Among the study patients, 358 (66.9%) received cefepime, 102 (19.1%) received piperacillin‐tazobactam, and 75 (14.0%) received a carbapenem (meropenem or imipenem) as their initial antibiotic treatment. There were 169 (31.6%) patients who received initial combination therapy with either an aminoglycoside (n = 99, 58.6%) or ciprofloxacin (n = 70, 41.4%). Eighty‐two (15.3%) patients were infected with a pathogen that was resistant to the initial antibiotic treatment regimen [cefepime (n = 41; 50.0%), piperacillin‐tazobactam (n = 25; 30.5%), or imipenem/meropenem (n = 16; 19.5%), plus either an aminoglycoside or ciprofloxacin (n = 28; 34.1%)], and were classified as receiving inappropriate initial antibiotic therapy. Among the 453 (84.7%) patients infected with a pathogen that was susceptible to the initial antibiotic regimen, there was no relationship identified between minimum inhibitory concentration values and hospital mortality.

Patients infected with a pathogen resistant to the initial antibiotic regimen had significantly greater risk of hospital mortality (63.4% vs 40.0%; P < 0.001) (Figure 1). For the 82 individuals infected with a pathogen that was resistant to the initial antibiotic regimen, no difference in hospital mortality was observed among those prescribed initial combination treatment with an aminoglycoside (n = 17) (64.7% vs 61.1%; P = 0.790) or ciprofloxacin (n = 11) (72.7% vs 61.1%; P = 0.733) compared to monotherapy (n = 54). Similarly, among the patients infected with a pathogen that was susceptible to the initial antibiotic regimen, there was no difference in hospital mortality among those whose bloodstream isolate was only susceptible to the prescribed aminoglycoside (n = 12) compared to patients with isolates that were susceptible to the prescribed beta‐lactam antibiotic (n = 441) (41.7% vs 39.9%; P = 0.902).

Figure 1

Hospital mortality according to whether the isolated Gram‐negative bacterial isolate was susceptible or resistant to the initially prescribed antibiotic regimen.

Logistic regression analysis identified infection with a pathogen resistant to the initial antibiotic regimen [adjusted odds ratio (AOR), 2.28; 95% confidence interval (CI), 1.69‐3.08; P = 0.006], increasing APACHE II scores (1‐point increments) (AOR, 1.13; 95% CI, 1.10‐1.15; P < 0.001), the need for vasopressors (AOR, 2.57; 95% CI, 2.15‐3.53; P < 0.001), the need for mechanical ventilation (AOR, 2.54; 95% CI, 2.19‐3.47; P < 0.001), healthcare‐associated hospital‐onset infection (AOR, 1.67; 95% CI, 1.32‐2.10; P =0.027), and infection with Pseudomonas aeruginosa (AOR, 2.21; 95% CI, 1.74‐2.86; P =0.002) as independent risk factors for hospital mortality (Hosmer‐Lemeshow goodness‐of‐fit test = 0.305).

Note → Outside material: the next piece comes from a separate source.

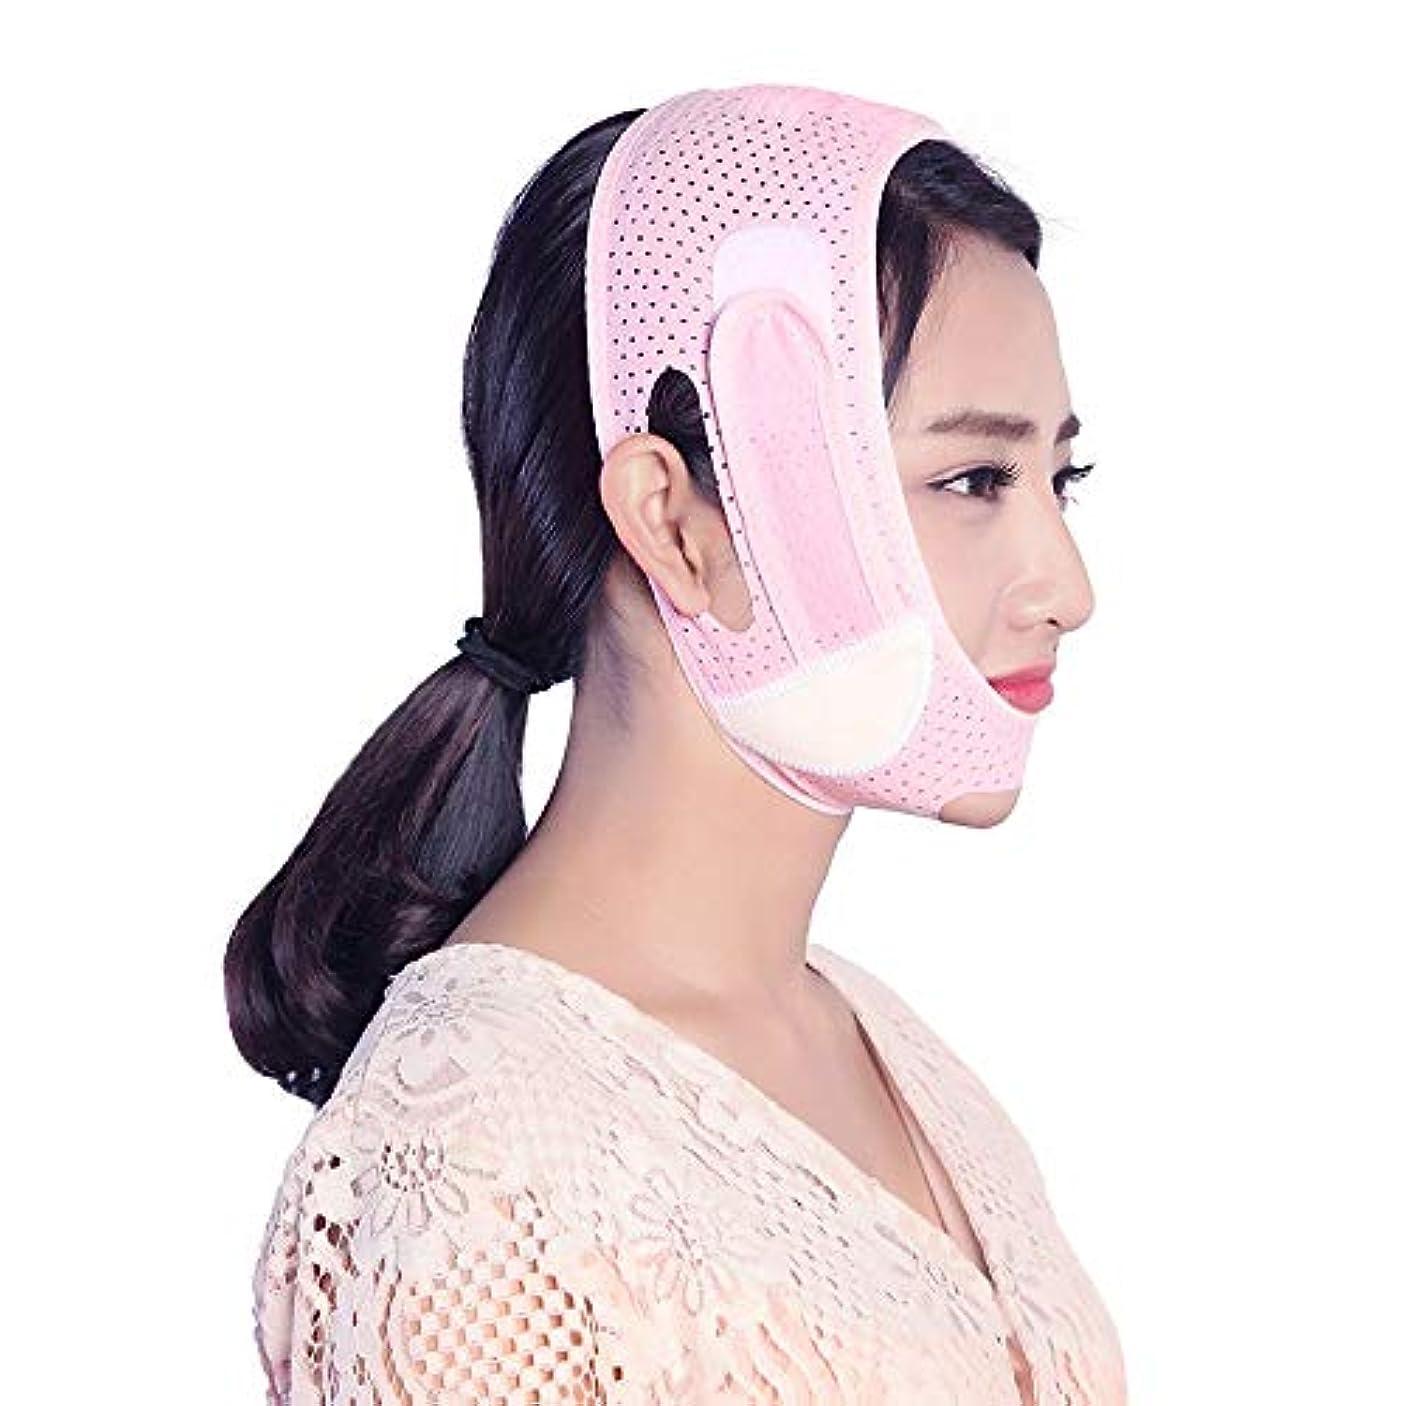 与えるオープニング指標Minmin 睡眠薄い顔パッチ包帯吊り上げプルv顔引き締めどころアーティファクト判決パターン二重あご薄いマッセルマスク - ピンク みんみんVラインフェイスマスク

The model explained between 29.7% (Cox and Snell R square) and 39.8% (Nagelkerke R squared) of the variance in hospital mortality, and correctly classified 75.3% of cases.

Secondary Outcomes

Two or more acquired organ system derangements occurred significantly more often among patients with a pathogen resistant to the initial antibiotic regimen compared to those infected with susceptible isolates (84.1% vs 68.0%; P = 0.003). Hospital length of stay was significantly longer for patients infected with a pathogen resistant to the initial antibiotic regimen compared to those infected with susceptible isolates [39.9 50.6 days (median 27 days; quartiles 12 days and 45.5 days) vs 21.6 22.0 days (median 15 days; quartiles 7 days and 30 days); P < 0.001].

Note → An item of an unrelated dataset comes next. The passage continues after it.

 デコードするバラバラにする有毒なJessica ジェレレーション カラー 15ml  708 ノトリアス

Our study demonstrated that hospital nonsurvivors with severe sepsis attributed to Gram‐negative bacteremia had significantly greater rates of resistance to their initially prescribed antibiotic regimen compared to hospital survivors. This observation was confirmed in a multivariate analysis controlling for severity of illness and other potential confounding variables. Additionally, acquired organ system derangements and hospital length of stay were greater for patients infected with Gram‐negative pathogens resistant to the empiric antibiotic regimen. We also observed no survival advantage with the use of combination antimicrobial therapy for the subgroup of patients whose pathogens were resistant to the initially prescribed antibiotic regimen. Lastly, no difference in mortality was observed for patients with bacterial isolates that were susceptible only to the prescribed aminoglycoside compared to those with isolates susceptible to the prescribed beta‐lactam antibiotic.

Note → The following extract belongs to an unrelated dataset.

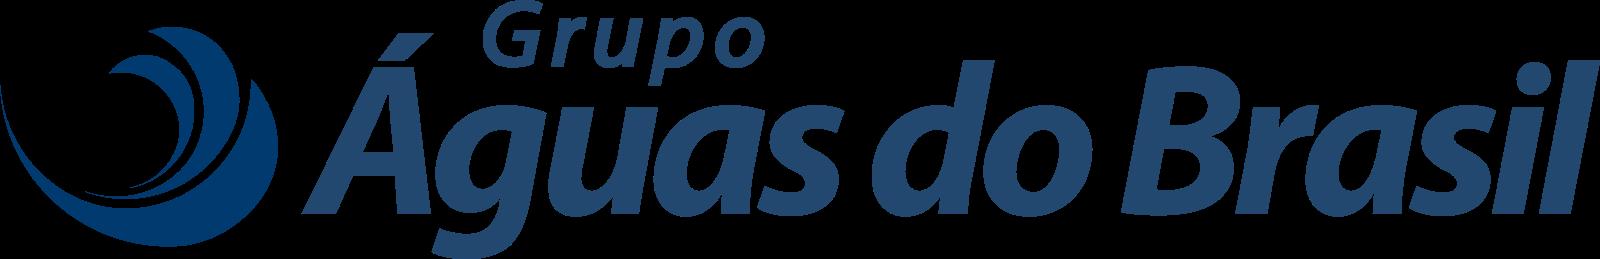 grupo aguas do brasil logo 2 - Águas do Brasil Logo

Several previous investigators have linked antibiotic resistance and outcome in patients with serious infections attributed to Gram‐negative bacteria. Tam et al. examined 34 patients with Pseudomonas aeruginosa bacteremia having elevated MICs to piperacillin‐tazobactam (32 g/mL) that were reported as susceptible.19 In seven of these cases, piperacillin‐tazobactam was prescribed empirically, whereas other agents directed against Gram‐negative bacteria were employed in the other patients (carbapenems, aminoglycosides). Thirty‐day mortality was significantly greater for the patients treated with piperacillin‐tazobactam (85.7% vs 22.2%; P = 0.004), and a multivariate analysis found treatment with piperacillin‐tazobactam to be independently associated with 30‐day mortality. Similarly, Bhat et al. examined 204 episodes of bacteremia caused by Gram‐negative bacteria for which patients received cefepime.20 Patients infected with a Gram‐negative bacteria having an MIC to cefepime greater than, or equal to, 8 g/mL had a significantly greater 28‐day mortality compared to patients infected with isolates having an MIC to cefepime that was less than 8 g/mL (54.8% vs 24.1%; P = 0.001).

Our findings are consistent with earlier studies of patients with serious Gram‐negative infections including bacteremia and nosocomial pneumonia. Micek et al. showed that patients with Pseudomonas aeruginosa bacteremia who received inappropriate initial antimicrobial therapy had a greater risk of hospital mortality compared to patients initially treated with an antimicrobial regimen having activity for the Pseudomonas isolate based on in vitro susceptibility testing.21 Similarly, Trouillet et al.,22 Beardsley et al.,23 and Heyland et al.24 found that combination antimicrobial regimens directed against Gram‐negative bacteria in patients with nosocomial pneumonia were more likely to be appropriate based on the antimicrobial susceptibility patterns of the organisms compared to monotherapy. In a more recent study, Micek et al. demonstrated that combination antimicrobial therapy directed against severe sepsis attributed to Gram‐negative bacteria was associated with improved outcomes compared to monotherapy, especially when the combination agent was an aminoglycoside.25 However, empiric combination therapy that included an aminoglycoside was also associated with increased nephrotoxicity which makes the empiric use of aminoglycosides in all patients with suspected Gram‐negative severe sepsis problematic.25, 26 Nevertheless, the use of combination therapy represents a potential strategy to maximize the administration of appropriate treatment for serious Gram‐negative bacterial infections.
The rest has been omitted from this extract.